Varying limit (hnsw_ef fixed at 128):
limit | effective_ef | mean latency |
|---|---|---|
10 | 128 | 1,091 ms |
100 | 128 | 1,340 ms |
200 | 200 | 2,954 ms |
500 | 500 | 6,097 ms |
1000 | 1000 | 9,495 ms |
While limit <= hnsw_ef, latency stays roughly constant. The moment limit exceeds hnsw_ef, latency jumps: limit=200 is 2.2x slower than limit=100, and limit=1000 is 7.1x slower.
Varying hnsw_ef (limit fixed at 100):
hnsw_ef | effective_ef | mean latency |
|---|---|---|
128 | 128 | 1,459 ms |
256 | 256 | 2,214 ms |
512 | 512 | 3,534 ms |
1024 | 1024 | 5,599 ms |
Doubling the beam width adds roughly 50–75% latency at each step.

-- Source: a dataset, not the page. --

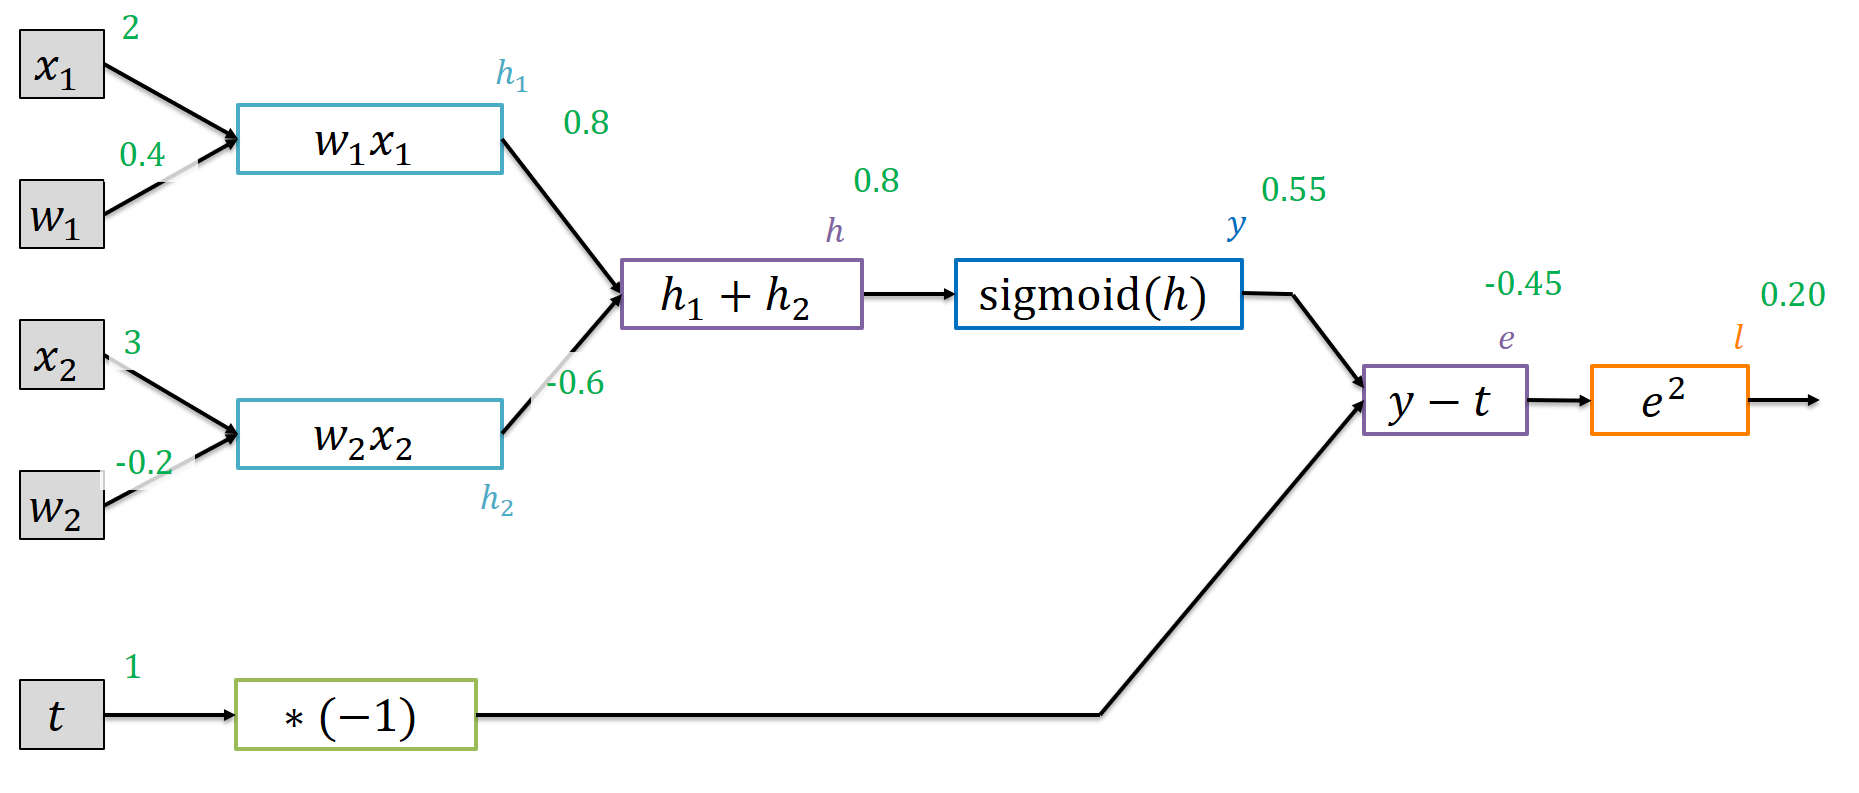 Applying reverse-mode autodiff to the loss function of a small network

Parallel search string overhead. The system sends multiple search strings per question concurrently. This parallelism is sub-linear — wall-clock time grows, but much less than linearly:
Parallel searches | Overhead vs single |
|---|---|
1–3 | 5–21% |
4–5 | 51–63% |
7–10 | 85–156% |
With 4–5 search strings per question (our typical range), the wall-clock time for the full retrieval step is roughly 1.5–1.6x a single search call, not 4–5x.
Choice of Fusion Strategy for Hybrid Search
We evaluated three strategies for merging vector and keyword search results in Hybrid mode:
Strategy | Description |
|---|---|
Interleaved (ZIP) | Alternates results from each search type based on a weight ratio |
Reciprocal Rank Fusion (RRF) | Assigns scores based on rank position in each list |
Distribution-Based Score Fusion (DBSF) | Normalizes raw scores from each search type and computes a weighted average |
All three strategies produce comparable Recall@200 — the choice of merge strategy does not significantly affect whether the relevant chunk is found in the top 200 results. Differences are within 1 percentage point across all datasets.
DBSF provides a modest advantage in ranking quality (MRR), meaning the relevant chunk tends to appear slightly earlier in the result list. This is why DBSF is our recommended default. However, the fusion strategy is not a critical lever — retrieval quality is driven primarily by the underlying search engines, not by how their results are merged.